Enter the mesmerising, AI-driven world of artist Refik Anadol

Enter the mesmerising, AI-driven world of artist Refik Anadol

Surveying and synthesising more than 200 years of art from MoMA’s collection would be a daunting, and likely insurmountable task for most artists and researchers. Not so much for Refik Anadol, who recently unveiled a major installation in the museum’s ground-floor Gund Lobby, using AI art to generate endlessly changing forms and sounds across a 24ft x 24ft media wall, based on 320,000 visual inputs.
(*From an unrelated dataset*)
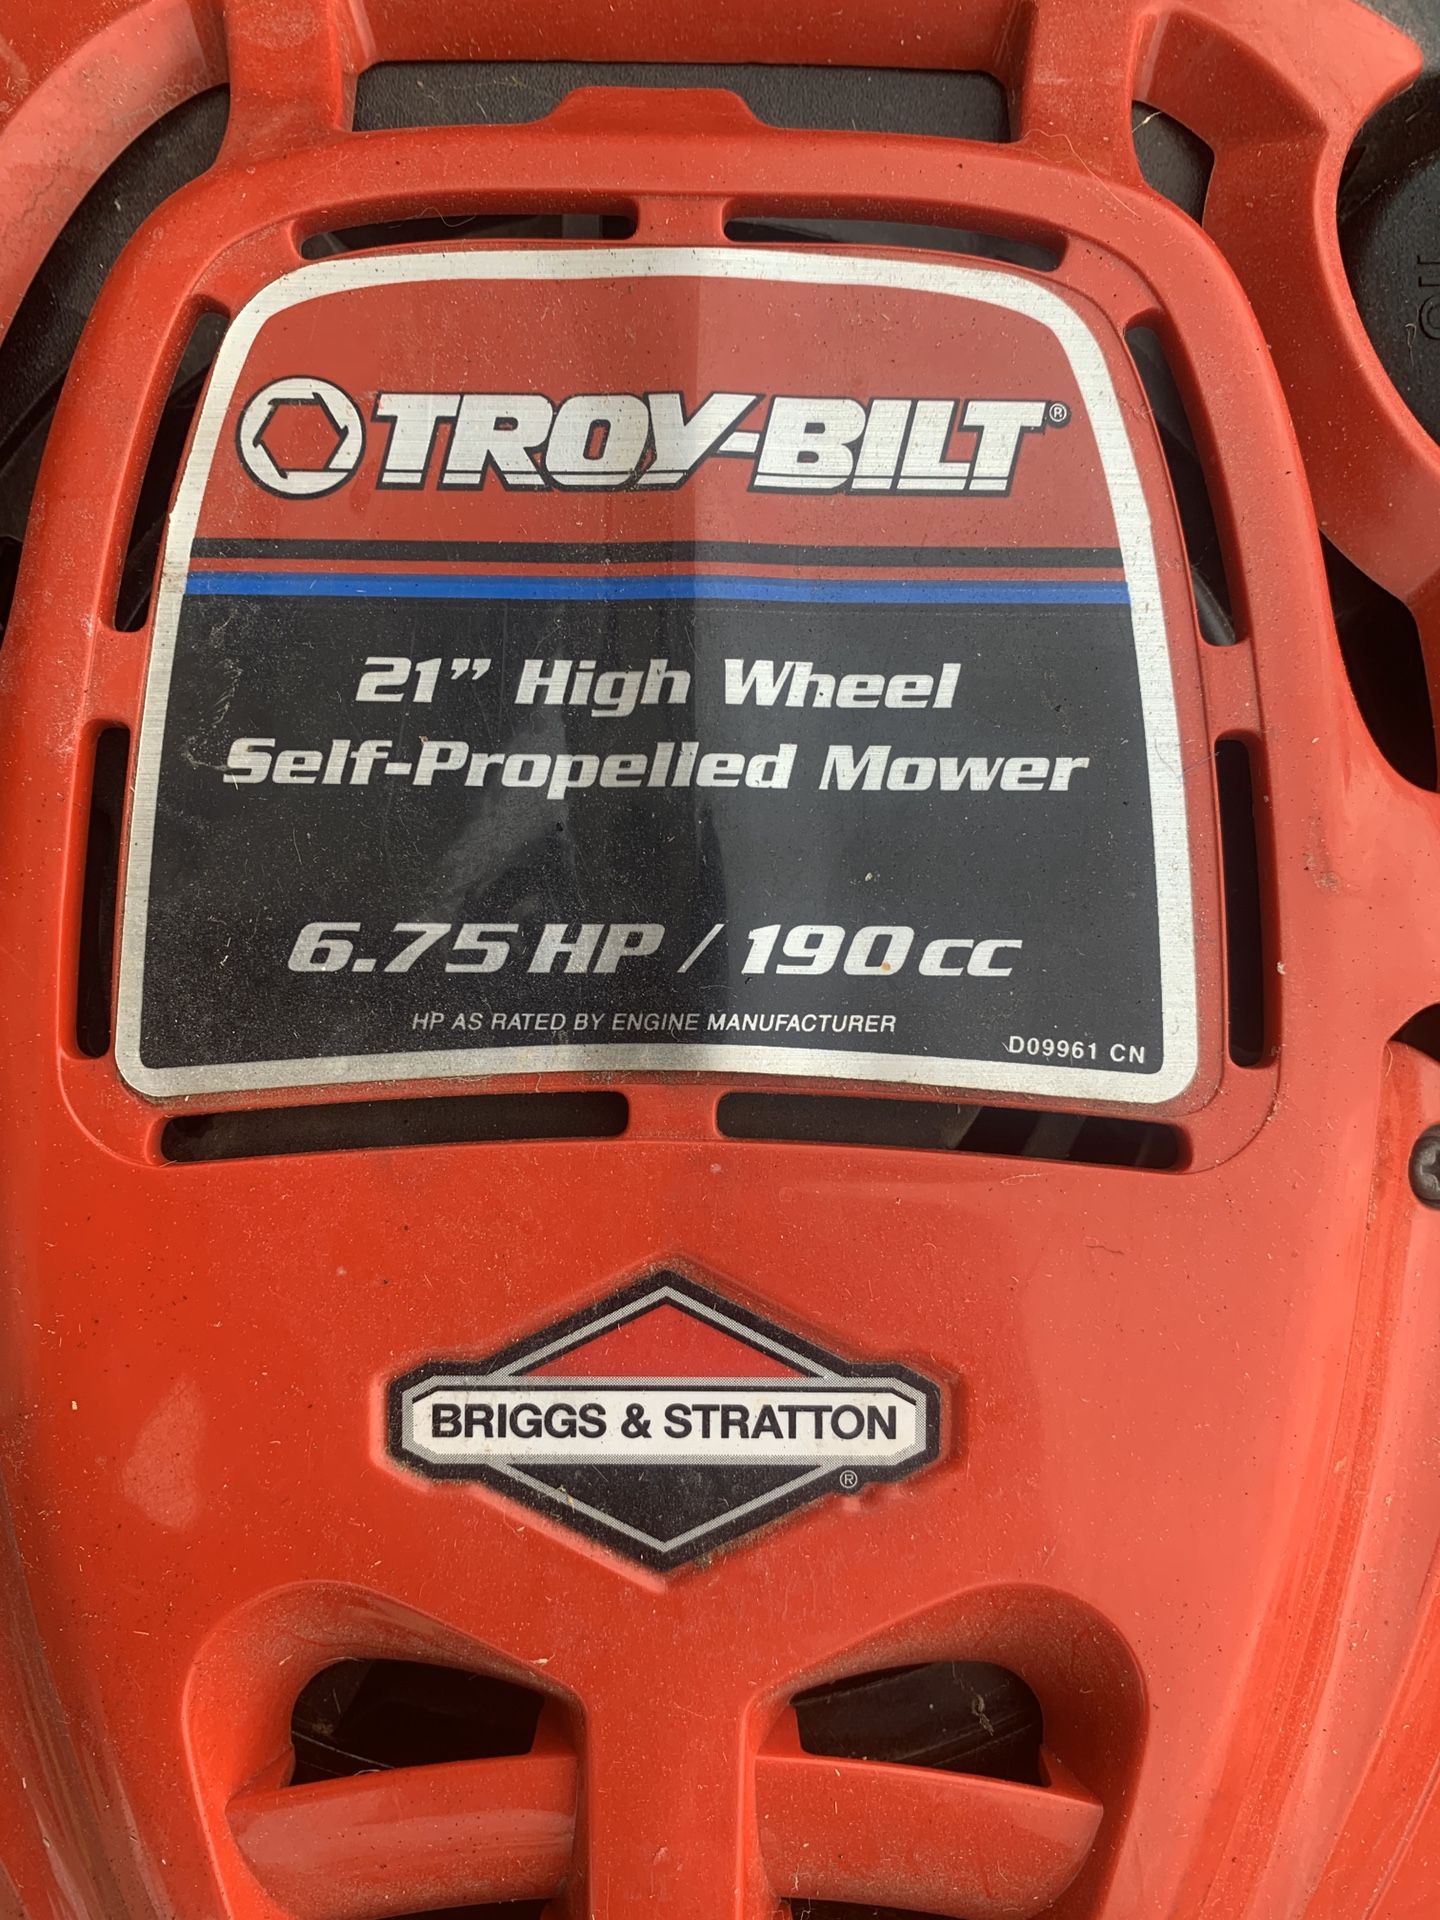 Troy-Bilt 21” Self-Propelled lawn mower

Unsupervised, as the installation is tagged, is a major career moment. ‘To show at MoMA is one of my biggest motivations in life,’ describes the Turkish-born, LA-based media artist. But numerically speaking, it is far from the most ambitious. In 2019, he’d used 100 million photographs of New York City, found publicly on social networks, to create a 30-minute cinematic piece. For a 2020 exhibition at Melbourne’s National Gallery of Victoria, Anadol deployed Google AI’s algorithms to process around 200 million nature and landscape images to create a 3D visual piece, Quantum Memories. The following year, his contribution to the Venice Architecture Biennale, Sense of Space, involved a collaboration with neuroscientist Taylor Kuhn to develop machine-learning algorithms based on 70 terabytes of MRI data, then used it to imagine the development of brain circuitry throughout the human lifespan. Not only is Anadol fascinated by what data sets tell us about the world, he also uses words like ‘beautiful’ and ‘inspiring’ to describe them.
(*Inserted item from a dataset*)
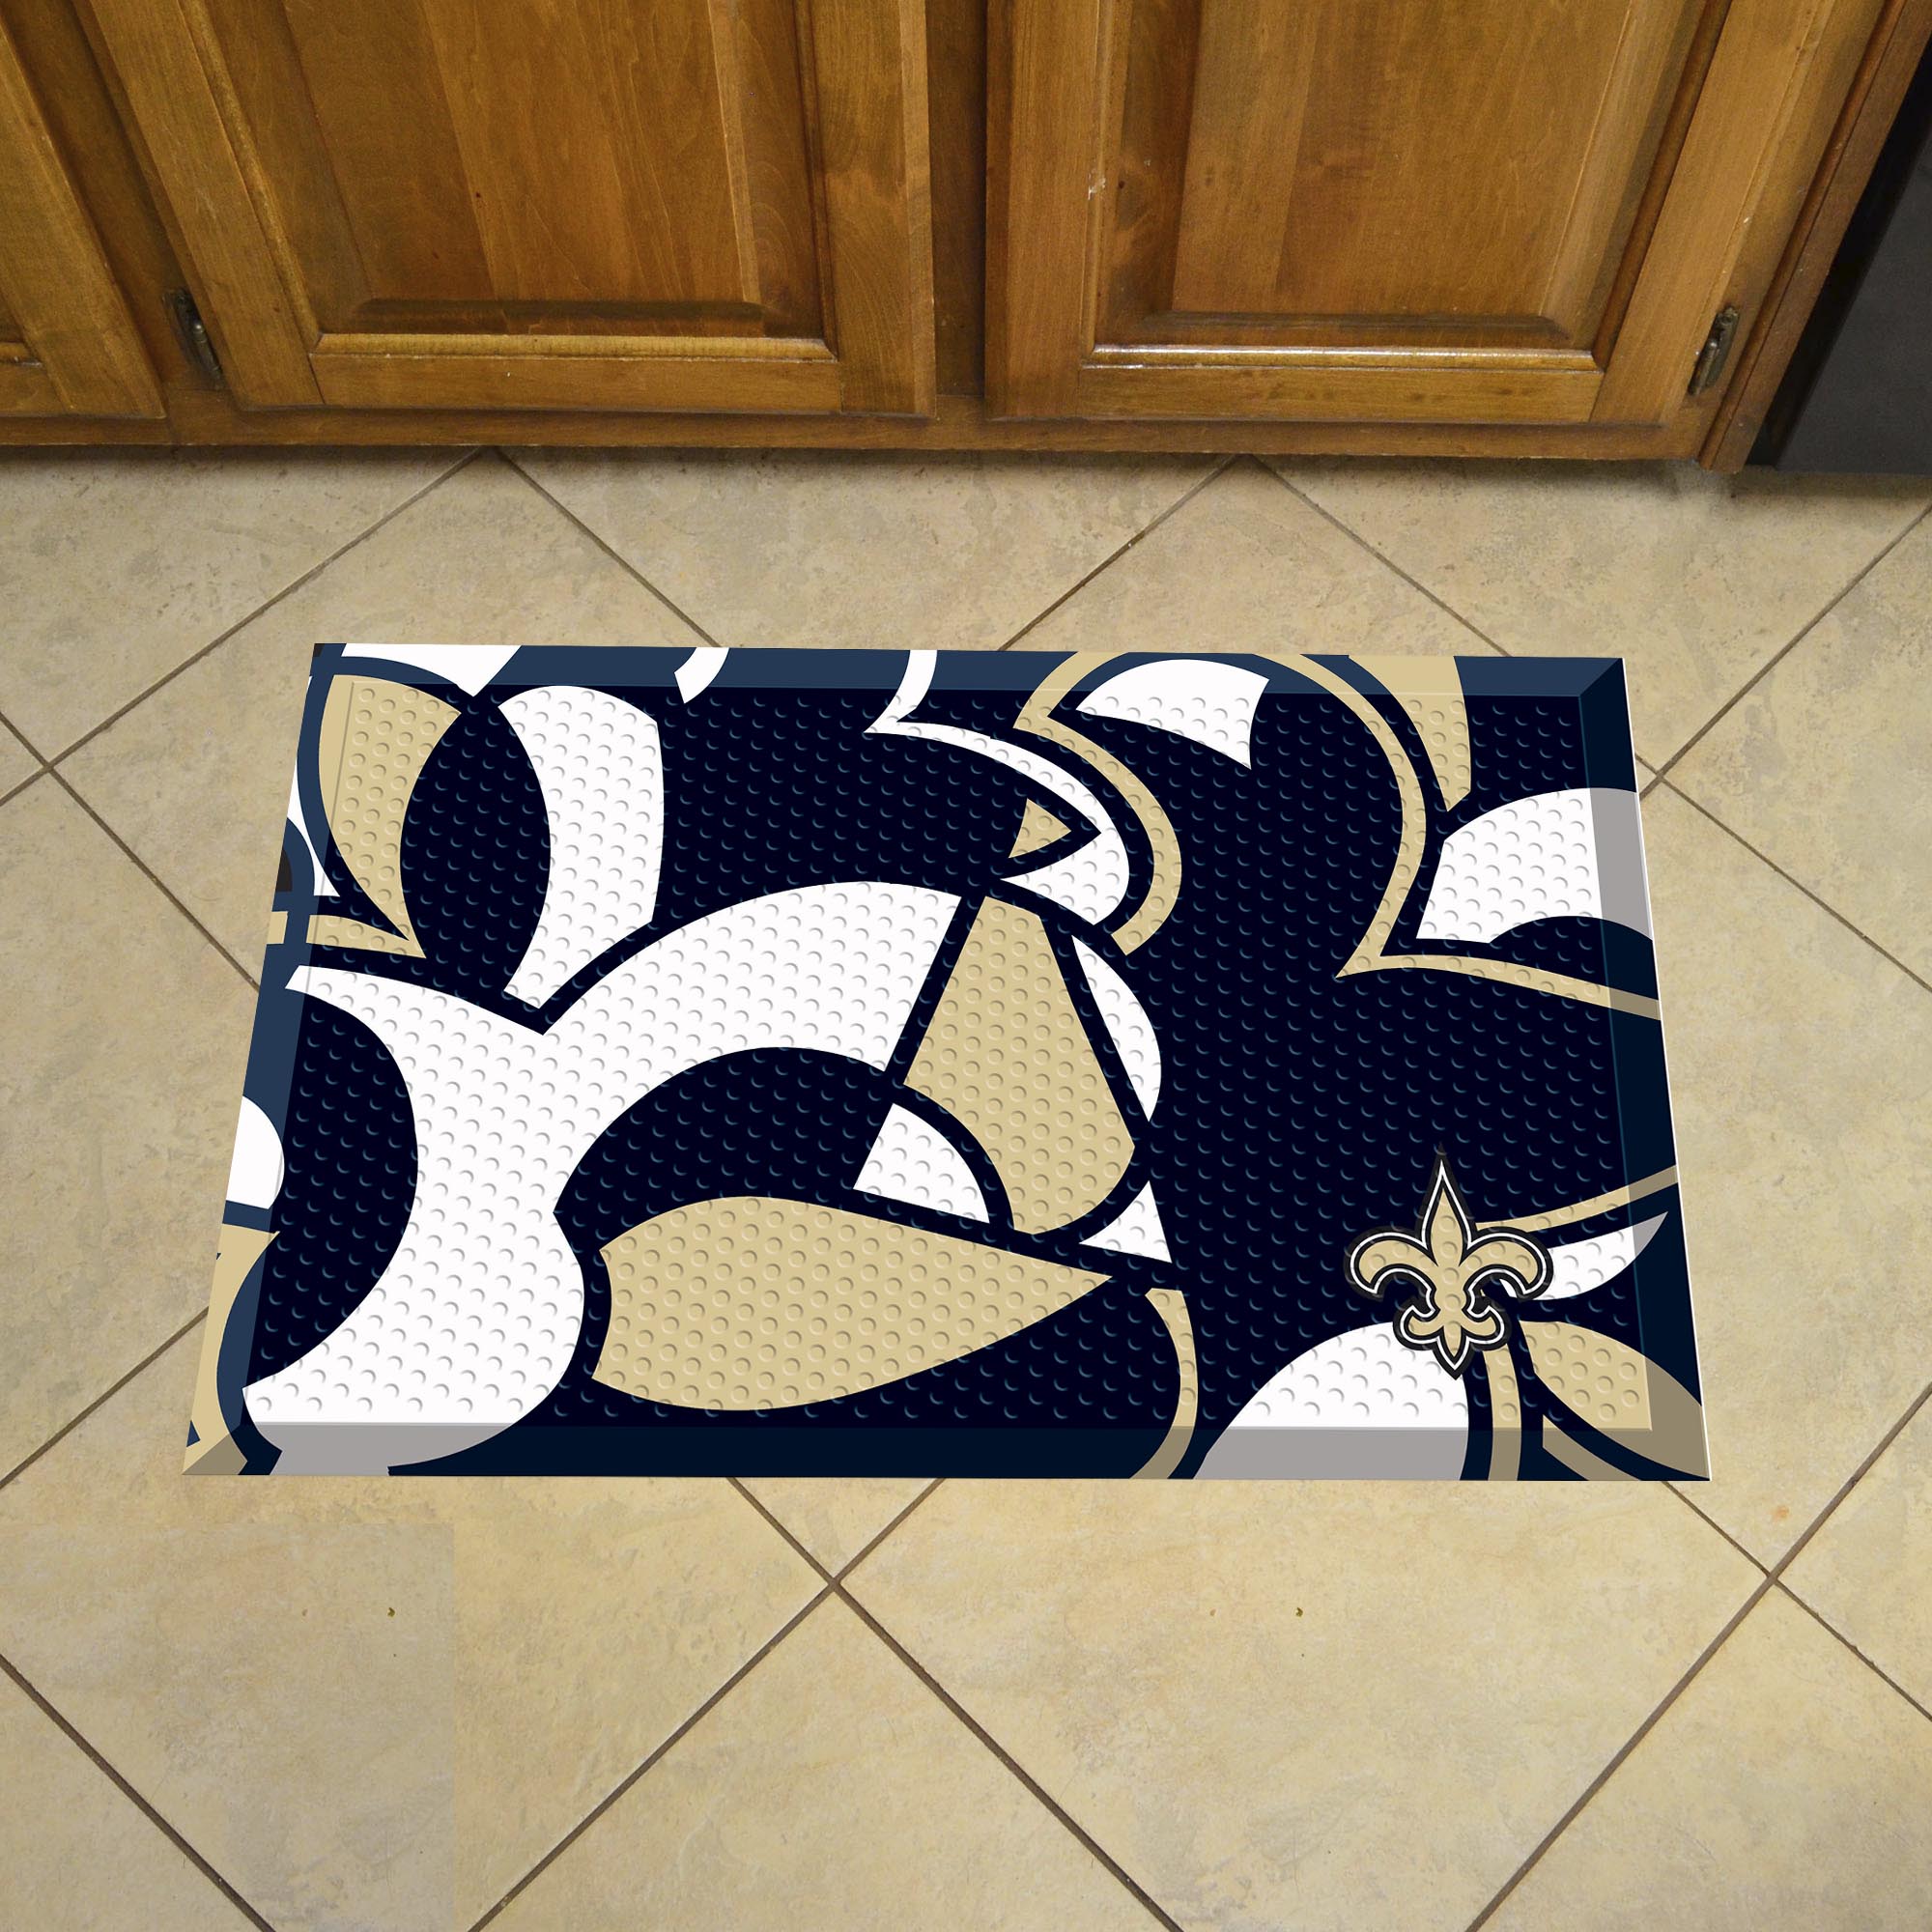 New Orleans Saints Quick Snap Scrapper Doormat - 19 x 30 rubber

Refik Anadol Architecture biennale

Connectome, an AI data sculpture model for Sense of Space at the 17th International Architecture Exhibition, La Biennale di Venezia, 2021

(Image credit: Refik Anadol Studio)

Refik anadol at NGV Victoria

Installation view of Refik Anadol Quantum Memories 2020 on display in NGV Triennial 2020

(Image credit: © Refik Anadol. Photography: Tom Ross)

‘In 2008, I coined the term “data painting” to express the idea that data can become a pigment that reflects imagination. This has driven my practice for 14 years,’ he tells me via Google Meet from his LA studio. Rather than conventional paintings, which involve fixing paint on canvas, he creates ‘living paintings’ which morph and evolve infinitely.